Fiscaal neutraal pensioenkader tweede en derde pijler

De staatssecretaris van Financiën heeft op 30 mei elf vragen beantwoord over een fiscaal neutraal pensioenkader in de tweede en derde pijler. Centraal staat een (gewenst) arbeidsvormneutraal pensioenkader. De staatssecretaris benadrukt dat het kabinet van mening is dat er een toenemend belang is van een arbeidsvormneutraal pensioenkader. Van Rij erkent dat er verschil is voor de arbeidskorting in situaties van verplichte deelname door ondernemers aan bedrijfs- of beroepsregeling dan wel pensioenopbouw in de derde pijler. Dat verschil geldt ook voor werknemers die in de tweede pijler dan wel in de derde pijler een oudedagsvoorziening opbouwen.
Desgevraagd somt de staatssecretaris de belangrijkste fiscale verschillen tussen de tweede en derde pijler op:

  • De reserveringsruimte bij lijfrente is begrensd in tijd (maximaal 10 jaar terug), voor pensioen geldt die begrenzing in beginsel niet voor de inhaaltermijn.
  • De auto van de zaak maakt bij pensioen geen deel uit van de grondslag, in de derde pijler is dat wel toegestaan.
  • Pensioen kent de hoog-laag-mogelijkheid en een AOW-overbrugging. Voor lijfrente is er de tijdelijke oudedagslijfrente.
  • Bij pensioen wordt het inkomen van het jaar van opbouw gehanteerd, bij een lijfrente is dat het inkomen van een jaar eerder.
  • Een lijfrente mag door een bank worden uitgevoerd, voor pensioen is dat niet toegestaan.
  • Voor de lijfrente is de Pensioenwet niet van toepassing, in de tweede pijler wel (uitgezonderd dga’s).

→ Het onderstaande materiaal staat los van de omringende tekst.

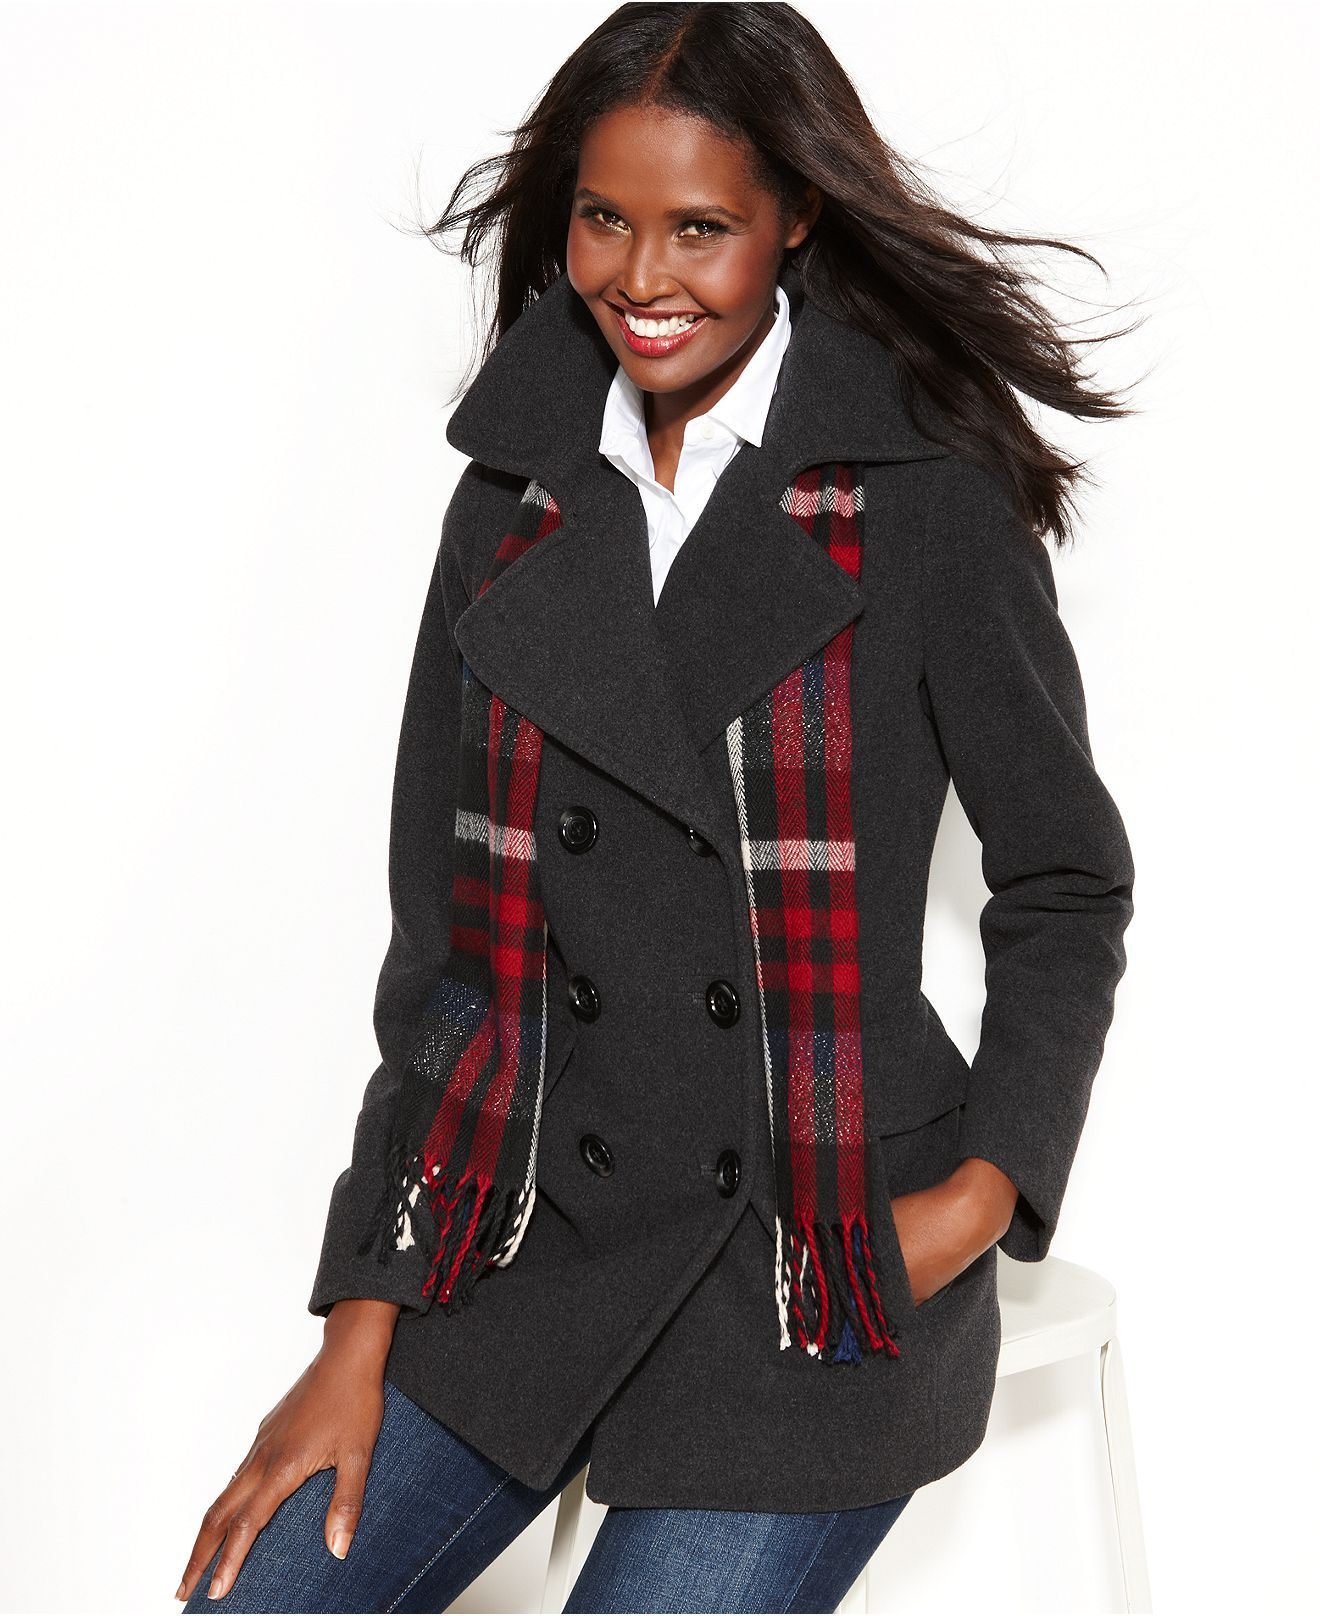 London Fog Coat, Double-Breasted Pea Coat & Plaid Scarf - Coats - Women - Macy's
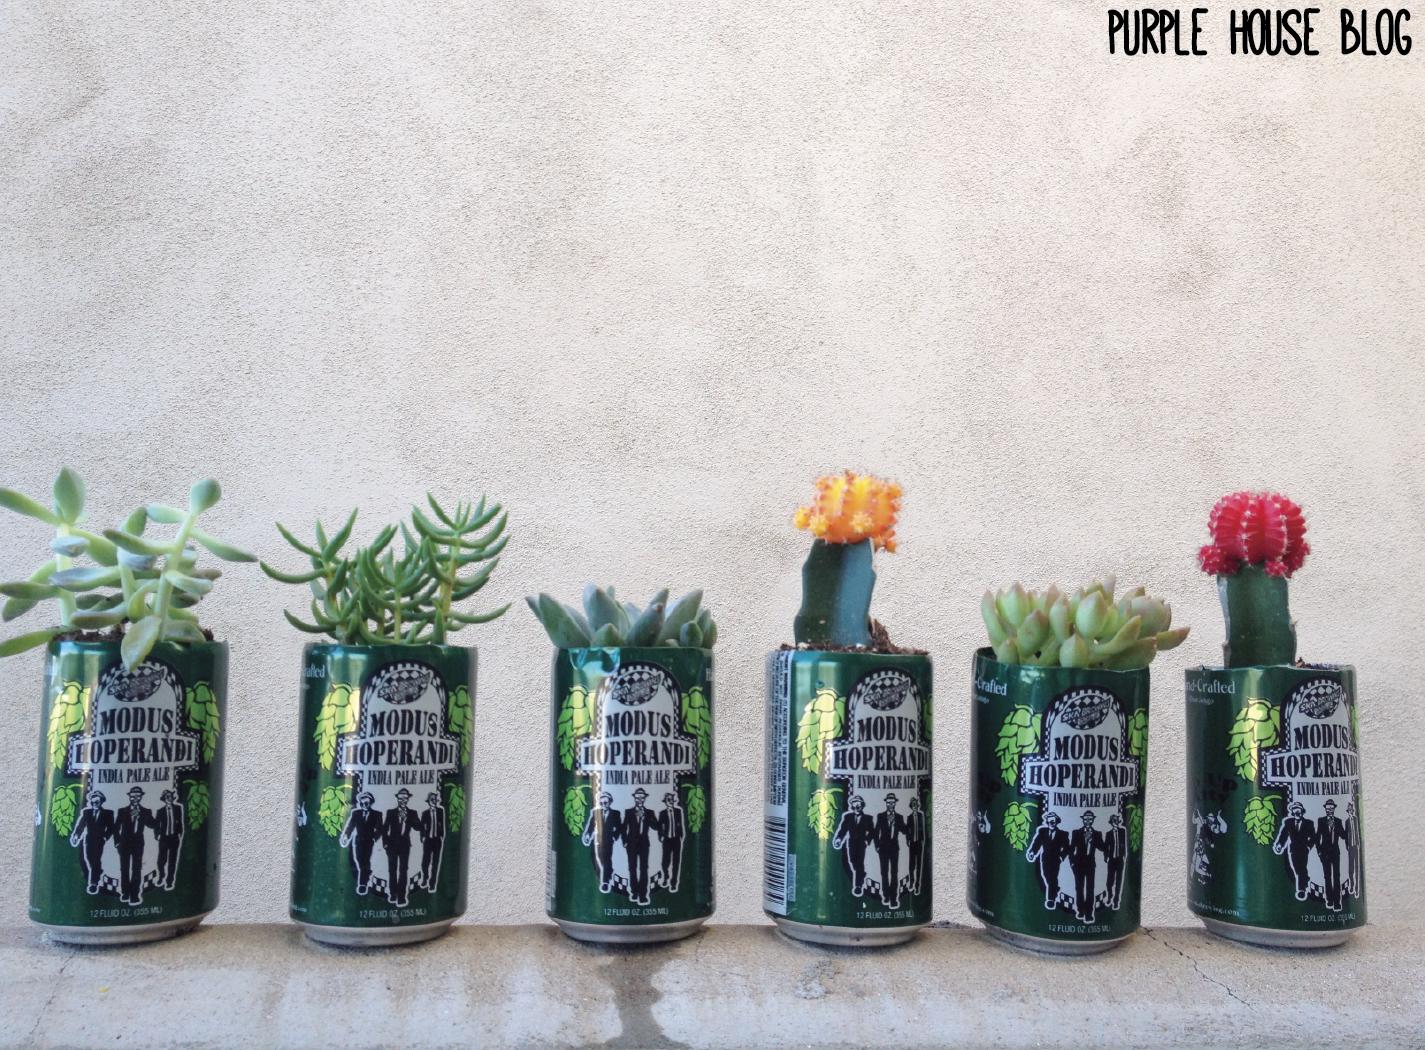 beer can planter DIY purplehouseblogwordpresscom DIY

Voor de hoogte van de arbeidskorting zou het geen verschil mogen maken of in de tweede dan wel in de derde pijler wordt opgebouwd. Daartoe zou dan de definitie van arbeidsinkomen aangepast moeten worden. De staatssecretaris geeft daarbij aan dat dit niet in alle gevallen waarin in de derde pijler een oudedagsvoorziening wordt opgebouwd, gunstig is. Bovendien zijn er budgettaire aspecten. Voorts zijn er wel meer verschillen tussen werknemers en ondernemers (zoals ondernemersfaciliteiten).
(Brief staatssecretaris van Financiën, 30 mei 2024, kenmerk 2024-0000321196)

Noot:
Hoewel het altijd goed is om breder te kijken, is het wel bijzonder (en niet geheel zuiver) om andere ondernemersfaciliteiten in deze discussie te betrekken.
En wellicht niet 100% fiscaal, maar wel degelijk van groot belang is in voorkomende gevallen de dubbele heffing van Zvw-premie. Er kan zowel over de lijfrentepremie als over de ontvangen lijfrente-uitkering een bijdrage Zvw verschuldigd zijn. Hoewel daarover al eens eerder Kamervragen zijn gesteld, heeft dit (nog) niet tot een bevredigende oplossing geleid.